I confess I don't understand why the LSAT has a "games" section (aka "analytical reasoning"). This section tests an ability to understand relationships among a handful of variables and to see the different ways that different combinations of those variables can fit different criteria. The skill set seems to be keeping a lot of variables in mind and working with how a change in the boundaries of a problem changes how the different pieces can relate to each other. That is an important skill set in many professions, to be sure; it's something that I did all the time when I was in engineering graduate school. But I wonder, how important is that skill to either the study or the practice of law? What kinds of legal tasks rely heavily on that skill?

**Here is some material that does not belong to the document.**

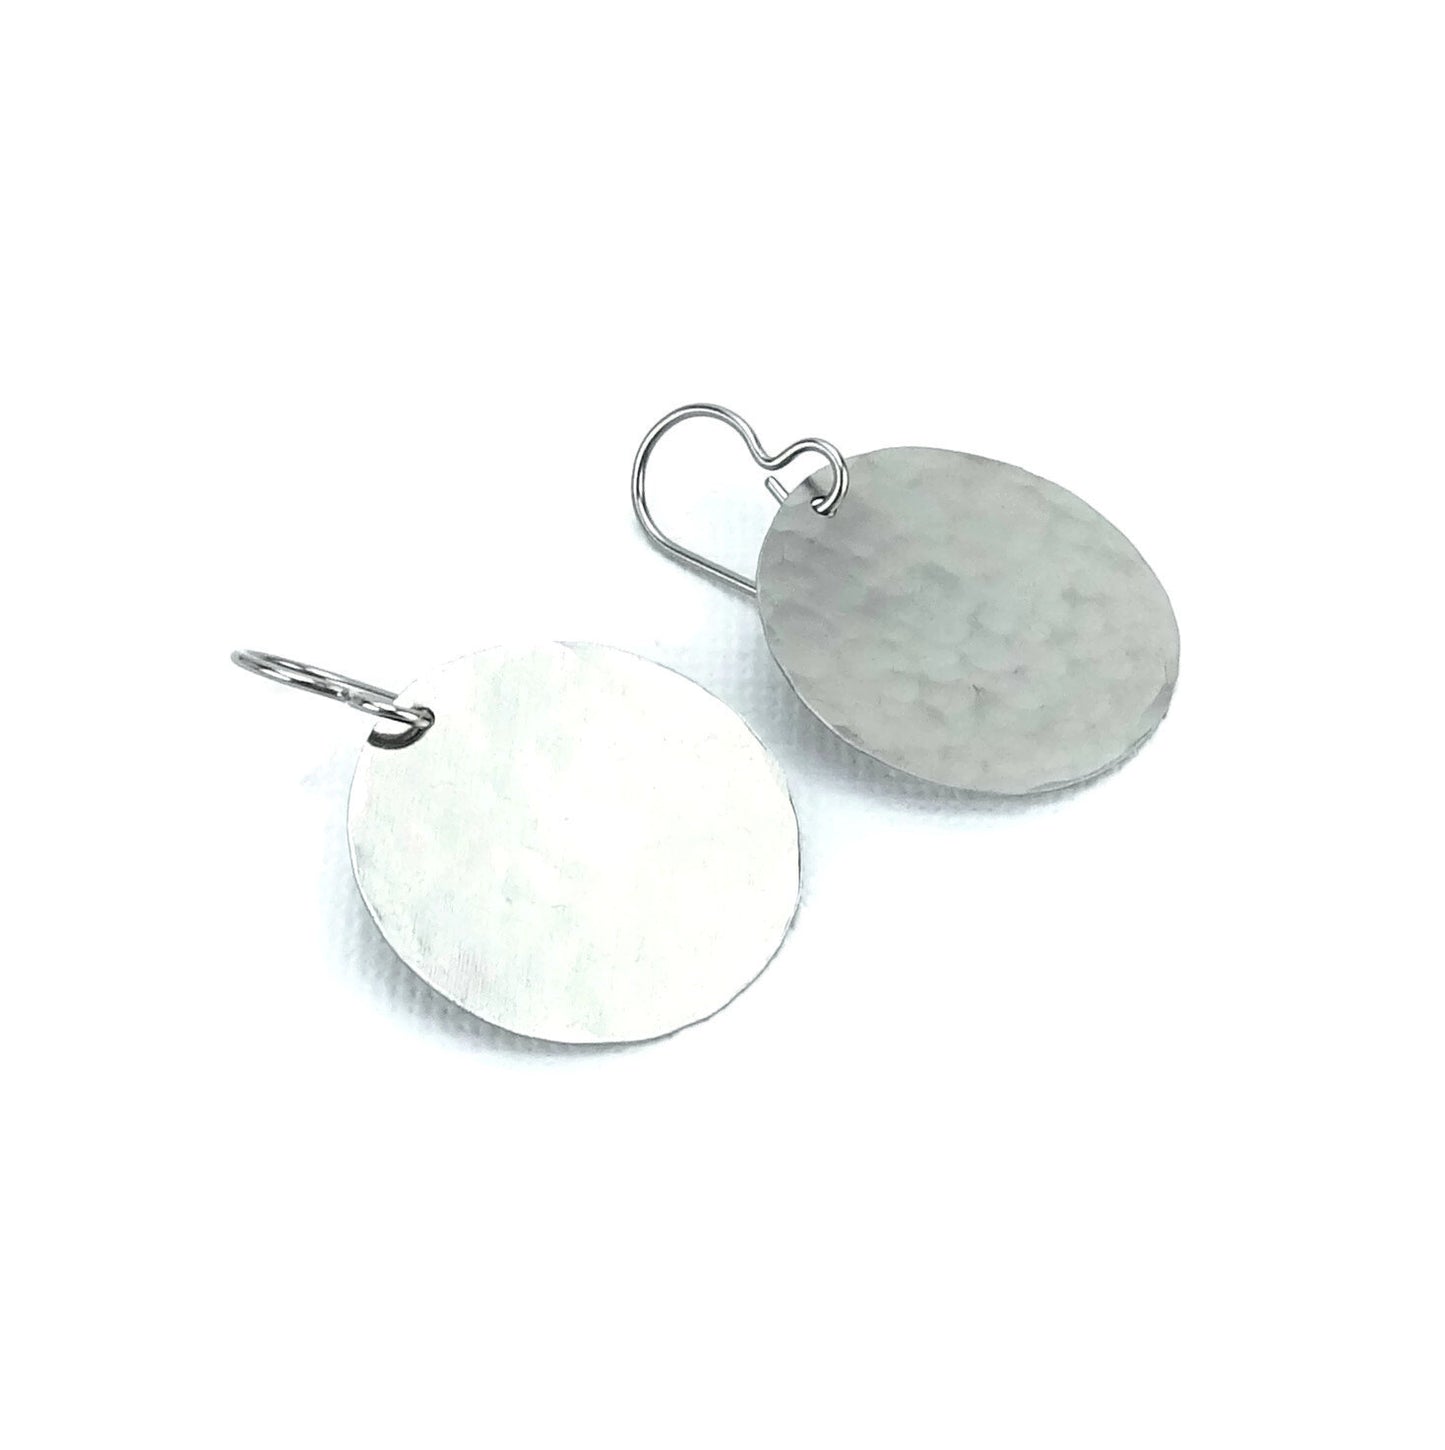 Titanium Earrings Large Hammered Disc, Large Circle Disk Niobium Earrings, Nickel Free Hypoallergenic Disks Earrings for Sensitive Ears

The Law School Admission Council's report on the history of different LSAT questions explains that the purpose of these questions is "to understand the structure of a relationship," and claims that they "represent the kind of detailed analyses necessary in solving legal problems."(p.8) But I don't see why. (The report cites a 1993 study, but I couldn't find it online.) It's not clear to me that this particular kind of reasoning is directly relevant to either the study or practice of law.

Some Volokh Conspiracy posts change the world immediately, while others simmer for a while. This one took sixteen years, apparently, as the people who administer the LSAT just announced the following, via Reuters:

The Law School Admission Test will ditch the so-called "logic games" section of the exam in 2024, according to the organization that creates the test, marking a major change to the exam's content.

The change means that perplexing questions such as who gets which meal at a dinner party if Mary has a fish allergy, Devin doesn't eat gluten and Jamal prefers organic will no longer be part of the test.

The Law School Admission Council (LSAC), which develops and administers the test, sent an email on Wednesday to U.S. law schools, which was reviewed by Reuters, notifying them of the change.

Seriously, glad to see this.  I don't think the games section should have ever been part of the test, and it ended up a silly barrier to entry to many that only distorted the admissions process.  Good riddance.